Bakers should make sure their mixture can be easily divided into 12 portions.
Kevin: “Nine centimeters divided by 24 is three, so four centimeters is 12.”
Kevin three seconds later: “I’m just going to cut this into 12.”
Meanwhile, Janusz accidentally cut it into 24.
These words are in the instructions for everyone: “PLEASE DO NOT ENJOY WITH THE OTHER BAKERS!” Who broke the rules last week?
“It’s a little soft under the finger, but you know you’ve got something solid.”
Honestly, how horny is everyone?
Sandra: “I stayed up until 2 a.m. reading about cookies.”
It’s a pity that Sandra is not alone. We were never given a chance.
Since I’m dyslexic, I didn’t know how to type these cookies, so I googled “gary baldy cookies” until I found the right word.
I also don’t know how I managed to make a career in journalism.
“It doesn’t taste like toothpaste” is about as low a compliment as you can give Kevin’s Mint Ice Cream Macaron.
And another handshake for Maxie, for her melt-in-your-mouth daisies.
Her reaction to that handshake is wonderful.
Despite receiving no criticism, she replies, “I hate macarons so much.”
This is a great point.
The first Hollywood handshake of the series takes place at dawn! According to Paul, her fondant-on-a-string yo-yo macaroons are “absolutely perfect.”
Surprised Sandra didn’t get one too due to the amount of compliments he got from Paul. Plus all the compliments he got from all the viewers all week.
The fact that Janusz puts these watermelons in their own little mini cooler? Wonderful.
And Pavel says that the watermelons look a little dry. “I agree with you completelyJanusz answers.

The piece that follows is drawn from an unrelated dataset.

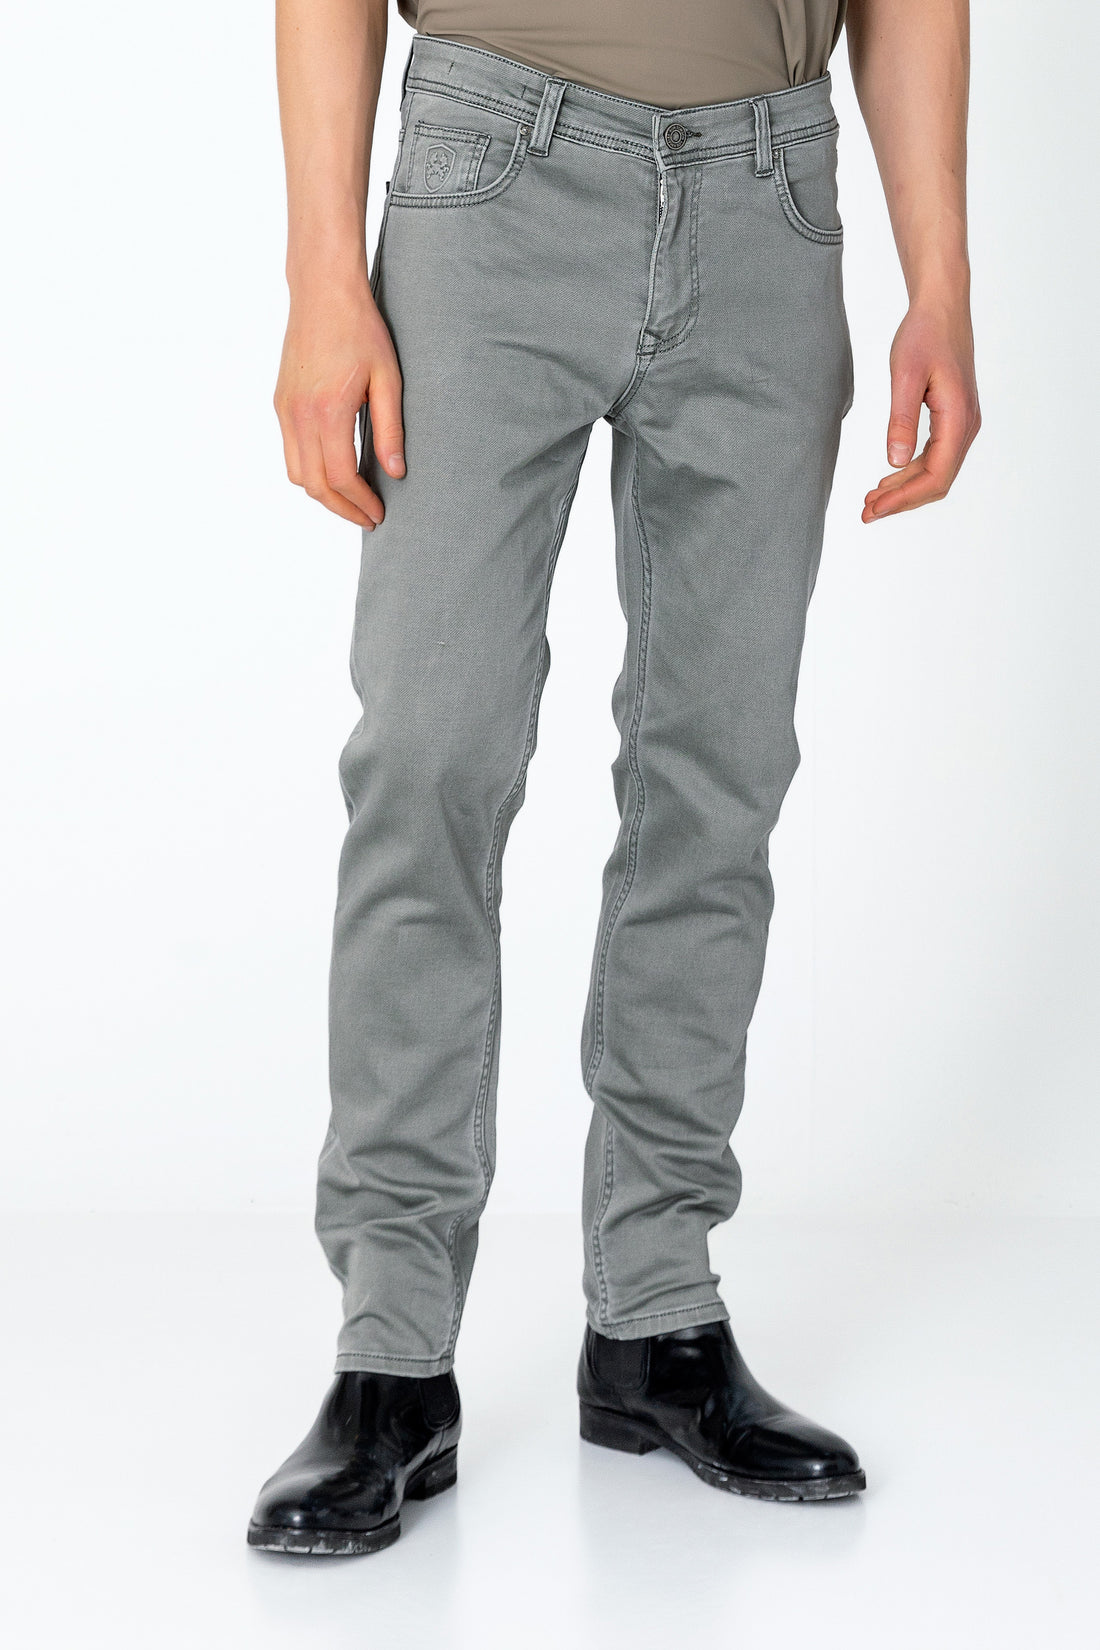 Super Soft 5-pocket Style Pants - Grey

He is such an attractive personality.
Rebs’ cats look like mush, but they taste great. Writing this sentence was not strange at all.
Everyone gets involved in James’ manga.
This is hell! We are in hell.
It is clear that Janusz became everyone’s favorite, as he was asked three times for advice or help with this task. The Rebs needed his and Carol’s help to get over the line.
Honestly, I wonder if flirting with danger is just Reb’s style.
“When you have a seal, you just don’t want it to get all over the place.”
Oh, the annual tradition is Paul moaning that he needs to eat tofu. This time, Friend uses it in peanut-shaped macarons.